Em função da riqueza do conteúdo, resolvemos entregar para você, leitor da Infood que não teve a felicidade de acompanhar ao vivo, a palestra completa.

 

Hoje eu não vou cozinhar, eu vou falar. E resolvi não cozinhar para falar de alimento. Vou começar falando de alimento, falando de delícias, de coisas que nos emocionam.

Atualmente, eu prefiro comer uma coisa ruim ao lado de quem eu gosto, do que comer uma coisa incrível com um chato.

Comer é prazer. Para ninguém ter dúvida: comer é prazer! Não dá para continuar cozinhando para pessoas que resolvem entender mais da comida do que do sabor que ela tem. A gastronomia está ficando talvez um pouco chata.

Quem tem que trabalhar com técnica é o cozinheiro. Quem come, come com a emoção. A comida não é melhor por que ela é mais cara. A comida não é melhor porque ela é importada. A comida não é melhor porque ela foi preparada por um chef de cozinha.  A comida é boa porque ela traz emoção, porque ela traz delícia.

A comida como prazer

Comer é reproduzir o que todos os seres vivos fazem. O homem transforma isto em prazer, e não podemos perder isso.

Toda vez que eu falo do restaurante D.O.M., ou quando eu posto uma foto de um dos nossos pratos, alguém comenta “não cabe no buraquinho do meu dente. É um restaurante caro”. Deixa eu falar uma coisa para vocês: é verdade.  Não é barato e os pratos são pequenos.

Se eu for a um restaurante,  pedir um macarrão, e me servirem um macarrão pequenininho, eu vou ficar bravo. Só vou ficar ainda mais bravo se eu for a um sushibar e me servirem um sushi enorme.

Comida tem proporção. O que nós fazemos no D.O.M. é um menu degustação. Hoje, neste momento, nosso menu é composto de 21 passos. Eu sirvo 21 coisas diferentes.

Vou trazer isto para outros números. Eu tenho outro restaurante que se chama Dalva e Dito, onde eu atendo uma média de 300 pessoas por dia. Normalmente uma pessoa que vai até lá, come uma entrada e um prato, ou um prato e uma sobremesa. Isto quer dizer que, durante um dia inteiro, nós servimos 600 pratos de comida no Dalva e Dito.

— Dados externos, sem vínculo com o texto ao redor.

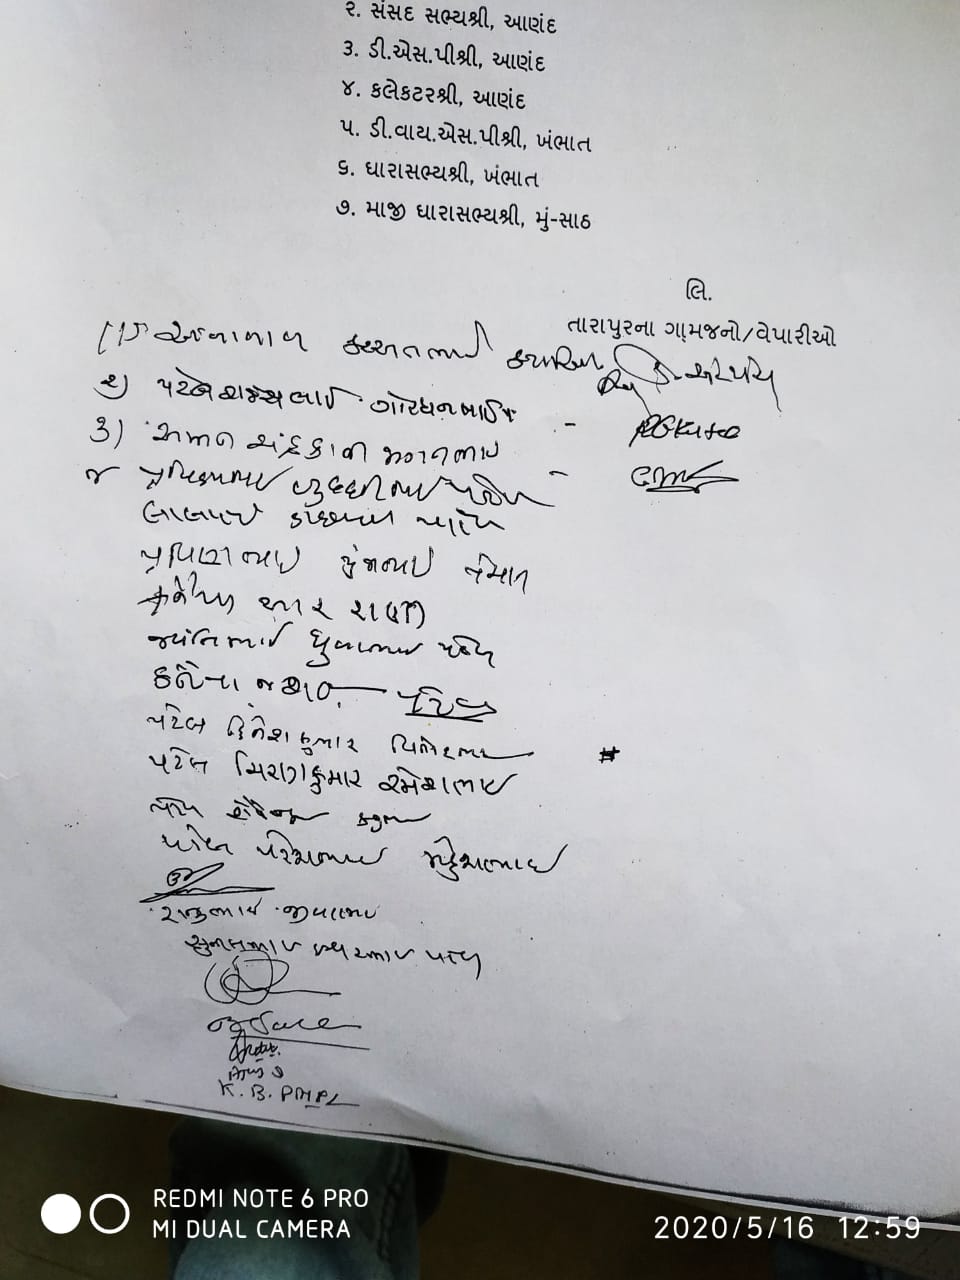 tarapur Citizens filed an application

O D.O.M. é um restaurante pequeno. Num dia normal, atendemos num jantar 50 pessoas, no mínimo. Como o  menu degustação tem 21 passos, vamos fazer a conta: se são 21 pratos, multiplicado por 50 pessoas, temos 1050 pratos num jantar. Não dá para fazer isto barato. É assim que funciona.

Ninguém neste mundo dura 18 anos contando mentira e servindo um produto caro. Mentiras têm pernas curtas, já diziam as nossas avós.  Por que custar caro além do serviço? Porque não dá para fazer para todo mundo. Eu adoraria fazer coisas incríveis para muitas pessoas.

Em outros restaurantes eu faço. No Bio eu consigo, no Dalva e Dito eu consigo, no Açougue também. Por que é que não dá no D.O.M.? Porque gastronomia não é simplesmente cozinhar.

O que é gastronomia

Gastronomia é colocar um ingrediente no seu melhor momento. Alguns ingredientes que eu trago no D.O.M. são ingredientes que veem de comunidades distantes da Amazônia. Veem dos quilombos do serrado brasileiro. Veem de lugares onde o custo do ingrediente não é nada, mas trazer é que é difícil. Por que é que você continua fazendo isto então? Eu faço porque comer é um ato cidadão. Comer é uma ação política, social, cultural e ambiental.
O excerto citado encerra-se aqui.